In einer Kolumne, die regelmäßig in der Professional Systems erscheint, dürfen wir mal so richtig meckern und uns lustig machen. Es darf gelacht werden, mindestens aber muss geschmunzelt werden.

Was hat es damit auf sich?

Nach einem Messetag, spät Abends, in irgendeiner Location in irgendeiner Stadt in irgendeinem Land, saßen wir zusammen und konnten nicht aufhören, über unsere Profession zu sprechen. Die Journalistinnen der Professional Systems und die Standbesatzungen diverser Hersteller. Beim Absacker nach einem harten Arbeitstag auf einer Messe gibt es keine Konkurenten oder Wettbewerber, sondern nur Leidensgenossen und ähnlich Verrückte. Und dabei kotzt man sich auch schon mal interessenübergreifend aus. Als dann jemand sagt, "Warum schreiben wir das eigentlich nicht mal auf und veröffentlichen es als Kolumne?", war es passiert. Jetzt schiebt der Autor immer noch Dienst auf Messen UND schreibt eine Kolumne. Mehr oder weniger regelmäßig. Wir nennen sie Klartext, und sie stellt eine persönliche Meinung des Autors dar. 

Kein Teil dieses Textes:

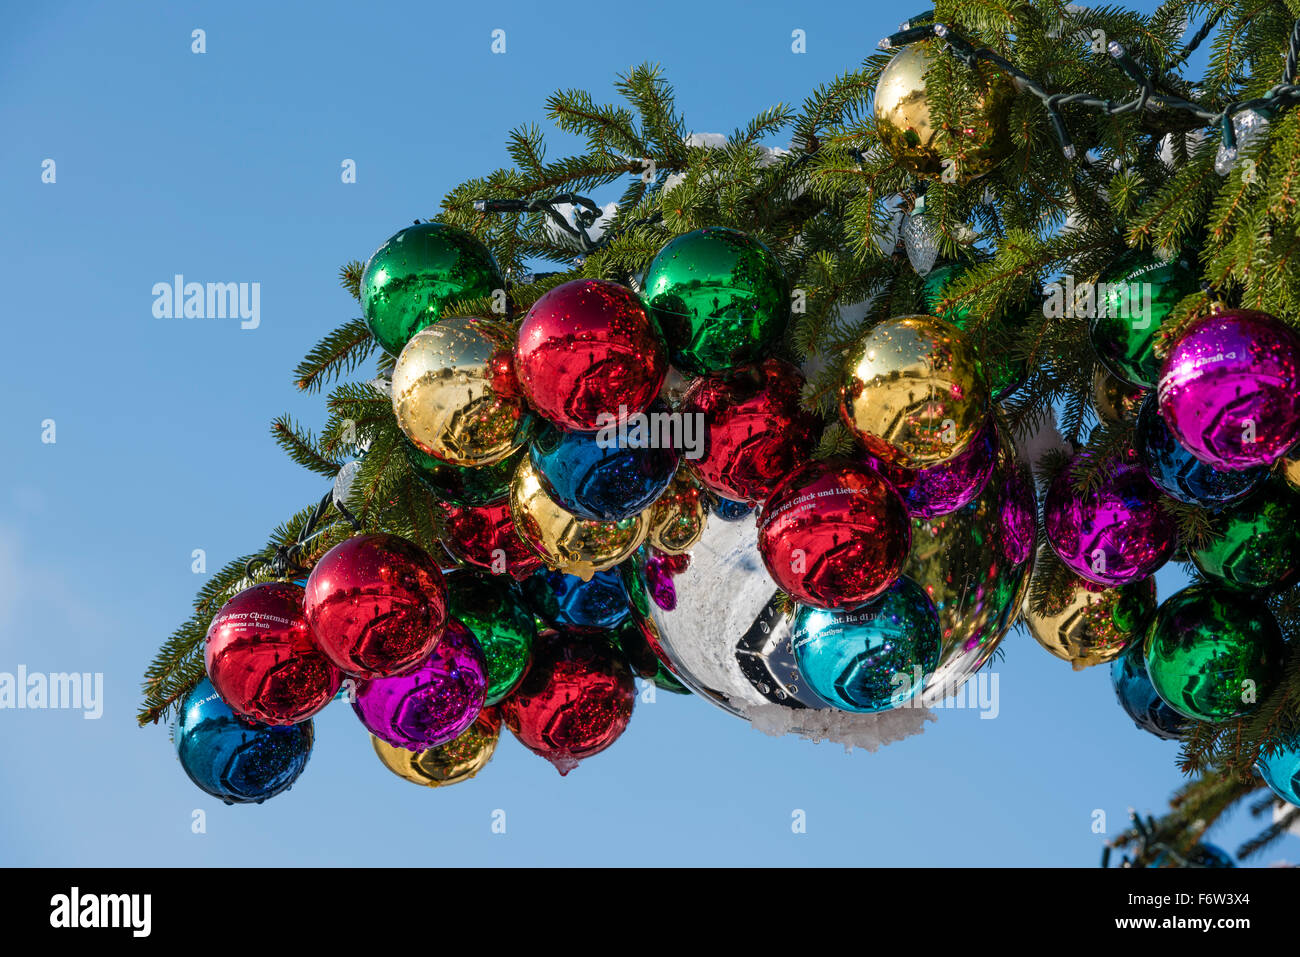 Bunte Weihnachtskugel Ornamente auf einen riesigen Weihnachtsbaum auf Saechselaeutenplatz, außerhalb Opernhaus Zürich, Schweiz. Stockfoto

Klasse war die erste Ausgabe: Es gab Geschrei und erregte Aussagen. Was stand drin? Nun, wir warten auf AVB! Seid Jahren, aber es kommt nix! Ein wütender Leser schrieb: Blos' weil COMM-TEC kein AVB verkauft, wird es schlecht gemacht! Blödsinn! Der Autor ist Techniker. Seit 1972! Und kann nicht verstehen, dass ein solch tolles Medium wie AVB so lange braucht! Die Diskussion ging hin und her, endete dann aber wie immer, wenn die Luft aus einem Thema raus ist.

Die nachfolgenden Kolumnen wurden dann weniger attackiert, wir hoffen, dass die Aussagen im richtigen Licht betrachtet wurden: Nicht die Meinung eine Mitarbeiters der Firma COMM-TEC, sondern die einer Person, die mit Herzblut und Know-how an die Medientechnik glaubt.

Falls Sie die Ausgaben der Professional Systems verpasst haben sollten: Hier sind die Rohtexte :-)

Uhingen, im Juni 2016

Nach oben

Klartext: Warten auf Godot

Samuel Becket schrieb 1949 das Theaterstück „Warten auf Godot“. Ich habe es nie gesehen, weiß noch nicht mal, worum es darin geht. Aber eins weiß ich: Der Titel wird zum geflügelten Wort immer dann, „wenn es mal wieder etwas länger dauert“. Und „Warten auf Godot“ hört sich viel netter an als „Warum kommt AVB eigentlich nicht aus dem Quark?“

Im Jahr 2009 besuchte ich die InfoComm in den USA, und ich stolperte über einen unscheinbaren Stand mit einer extrem spannenden Aussage: AVB! Audio-Video-Bridging, eine Technologie, die versprach, herstellerneutral Audio- und Videosignale über Ethernet-Netzwerke zu übertragen. Und dabei all die hässlichen Dinge wie Bandbreite, Latenzen, Kompatibilitäten zu unserer vollsten Zufriedenheit im Griff zu haben. Die Funktionen lasen sich wie die Wunschliste aller AV-Techniker! Sogar Steuerung war mit drin! Und dann noch als IEEE-Standard entwickelt, also ohne teure, den Markt manipulierende Lizenzgebühren wie bei anderen Steckern oder Herstellerformaten.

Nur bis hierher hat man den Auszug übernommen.